The column ‘% of female applicants funded’ shows that proposals from female applicants had a somewhat lowwer chance of getting funded than have the proposals in general. This is most evident in anthropology, interdisciplinary social science & humanities, philology, and mathematics. It should be added that numbers of female applicants varied and were particularly small in economics (4), interdisciplinary social science/humanities (4), and mathematics (3). As the number of funded proposals also is small, statistics for several years are needed to draw any conclusions about discrimination of female applicants. Analysis of prior funding (obligations for the particular year) showed that anthropology, interdisciplinary social science/humanities and philology had a majority of grants to female applicants.

The Quality Criteria in the Assessments

There are notable differences between the RCN-divisions regarding the content of the studied reviews. With one important exception, the clearest differences in the weight given to the various quality criteria do not seem related to the differences in directions and lists of criteria given to the reviewers. At the same time there are substantial differences between the review units within the divisions – which operate under the same directions – further substantiating that directions to reviewers are of limited importance. Examples illustrating the assessments (of highly-ranked applications), and the differences within the divisions, are given in Table 13.2.Footnote 11

Table 13.2 Review criteria

The most striking differences (see Table 13.2) between the reviews of the different RCN-divisions regard the weight given to criteria related to the project description within the Social Sciences and Humanities, the weight given to criteria related to the prior merits of the applicant (and his/her group) within the Medicine and Health Division, and the special emphasis put on the centrality and the importance of the research field in the reviews within the Science and Technology Division.Footnote 12 The reviews in the Social Sciences and Humanities were more concerned about criteria related to the project description than those in the other divisions. There is nothing in the guidelines for reviews indicating such different emphases (see the Appendix). On the contrary, if any of the divisions’ guidelines may be said to put more emphases on criteria related to the project description, this would be the Medicine and Health Division, which put these criteria first and clearly set up more detailed criteria than did the Culture and Society Division. The reviews in the medical sciences, however, put less weight on the project description and more weight on prior research merits and reputation than did the reviews in the other divisions.

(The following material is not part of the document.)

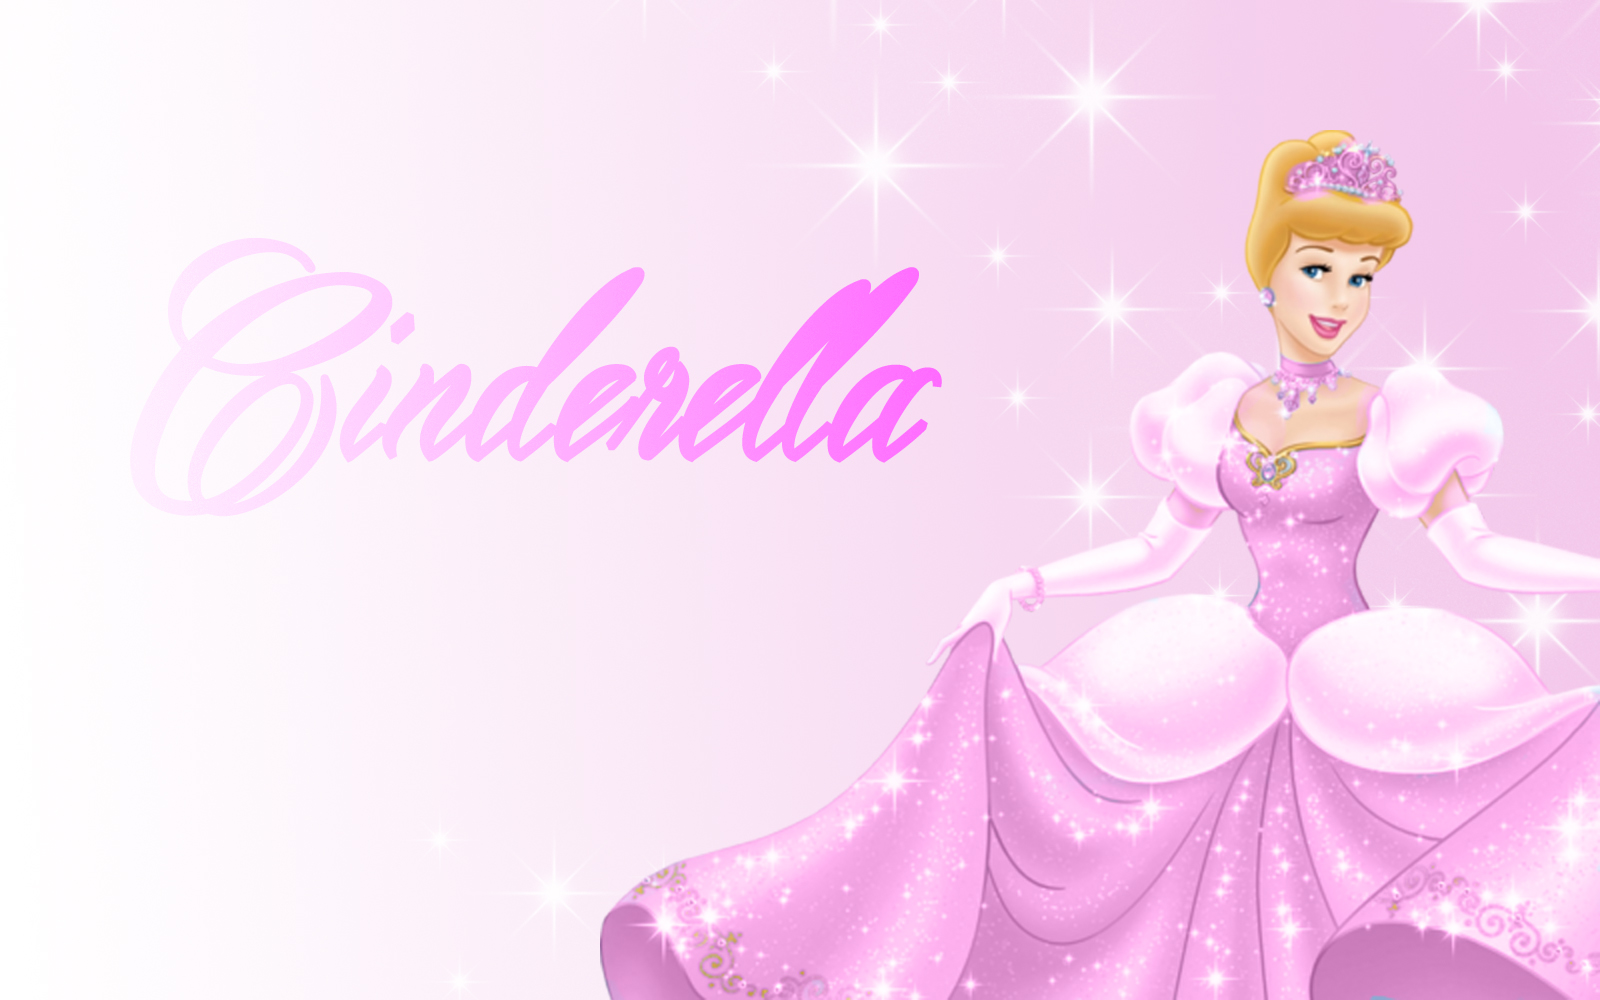 Cinderella in pink - Disney Princess Wallpaper (38405645) - Fanpop

Reviews within Mathematics and Biology were more concerned about the centrality and the importance of the research field than were reviews in other divisions. This special emphasis can be related to a specification which is found only in the guidelines of the Science and Technology Division:

What importance does research in this area have for the development of the field (the area of research in question may no longer be of importance or, at the other end of the scale, be new and rapidly expanding)?

The first part of this question is found both in the Science and Technology guidelines and in the Environment and Development guidelines, whereas the specification in parentheses is only found in the Science and Technology guidelines. In this case then, differences (even in brackets) in guidelines had a clear impact on the content of reviews.

As shown in Table 13.2, there are also differences within divisions. Review units that operated under the same guidelines differed clearly with regard to emphases on the various quality criteria. Within Medicine and Health, more weight was placed on applicants’ prior merits in the pre-clinical panel than in the clinical panel. Within Culture and Society, there was less weight on the project description in the economics panel than in the other panels. Within Science and Technology, there were more detailed assessments of the project descriptions within biology than within mathematics.

In conclusion, weight on quality criteria differed both between and within the RCN-divisions, regardless of guidelines.

Considerations Other than Research Quality in the Assessments

When applications were given equal rating on scholarly quality, considerations related to policy objectives and distributional policy affected the ranking. As with the quality criteria, these considerations differed both within and between the divisions.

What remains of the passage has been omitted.